During the last Netguru team dinner a friend showed me a neat feature of his fancy Samsung device - Gesture Control to Take a Selfie (detecting hand to take a selfie). For some time now I’ve been interested in machine learning and I thought of implementing this myself. To solve this problem I’ve used Object Detection API SSD MultiBox model using mobilenet feature map extractor pretrained on COCO(Common Objects in Context) dataset. Follow these steps to create a simple hand detection app and see the results of my experiment:
Before we can start training the model we need some input data for training and evaluation, in a format accepted by the ObjectDetection API - TFRecord. Additionally we should specify the label map, which does the mapping of class id to class name. Labels should be identical for training and evaluation datasets. To accomplish this step I’ve used this script, that fetches human hand pictures dataset from http://www.robots.ox.ac.uk/~vgg/data/hands/index.html and creates necessary files. Output of this script: hands_train.record, hands_val.record, hands_test.record and hands_label_map.pbtxt.

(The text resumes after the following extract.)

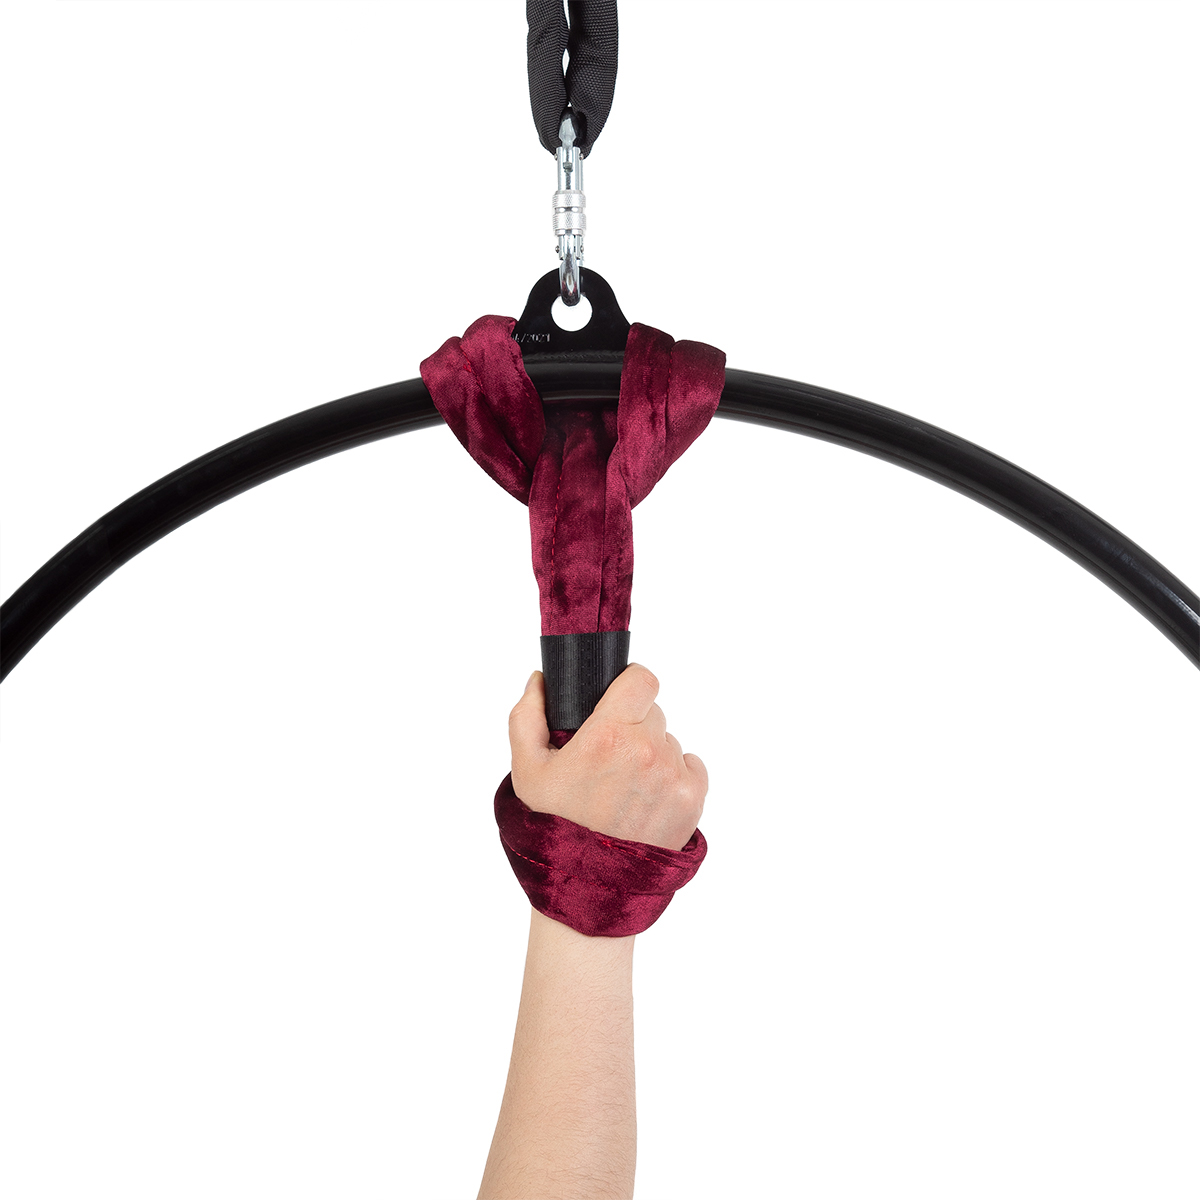 Cotton Hand loop Strap for Aerial Acrobatics

When the input files are ready we can start configuring our model. ObjectDetection API uses protobuf files to configure train and eval work, more info about configuration pipeline can be found here. ObjectDetection API provides several sample configuration. Those configurations are a good starting point, with minimal effort you’ve got working configuration. As I wrote on the beginning of this post I’ve used ssd_mobilenet_v1_coco.config. I’ve changed following parameters:
num_classes to 1 because I wanted to detect only one type of objects - hand.
num_steps to 15000 because running locally can take forever :D
fine_tune_checkpoint to location of earlier downloaded frozen model ssd_mobilenet_v1_coco_2017_11_17/model.ckpt. Frozen models can be downloaded here.
input_path and label_map_path of train_put_reader and eval_input_reader path to previously generated hands_train.record, hands_test.record and hands_label_map.pbtxt files.
I’ve trained model on my local machine, to do this I’ve used script from library:
Now it’s time to use our model to detect a hand on a mobile device’s camera preview. To implement this quickly I’ve used a demo project from the TensorFlow repo. I’ve cloned it and imported a project from examples/android directory. Project can be build using different build systems: bazel, cmake, makefile, none. I’ve built project using cmake, to do this I’ve changed in build.gradle variable nativeBuildSystem to cmake(I had a problems with others build systems).
In order to use the frozen model and labels, we need to put them in the assets directory, then assign the assets names to the TF_OD_API_MODEL_FILE and TF_OD_API_LABELS_FILE variables in DetectorActivity class. Additionally I’ve changed the camera preview to use the front camera and implemented a toast message to pop up when a hand is detected.
Results of my experiment:
Thanks to the ObjectDetection API I was able to easily implement a hand detector app. The most confusing part was installing all the dependencies. In this article I’ve listed all the required steps to train a custom model and use it in an Android application. I hope this article will help you create some cool apps using machine learning.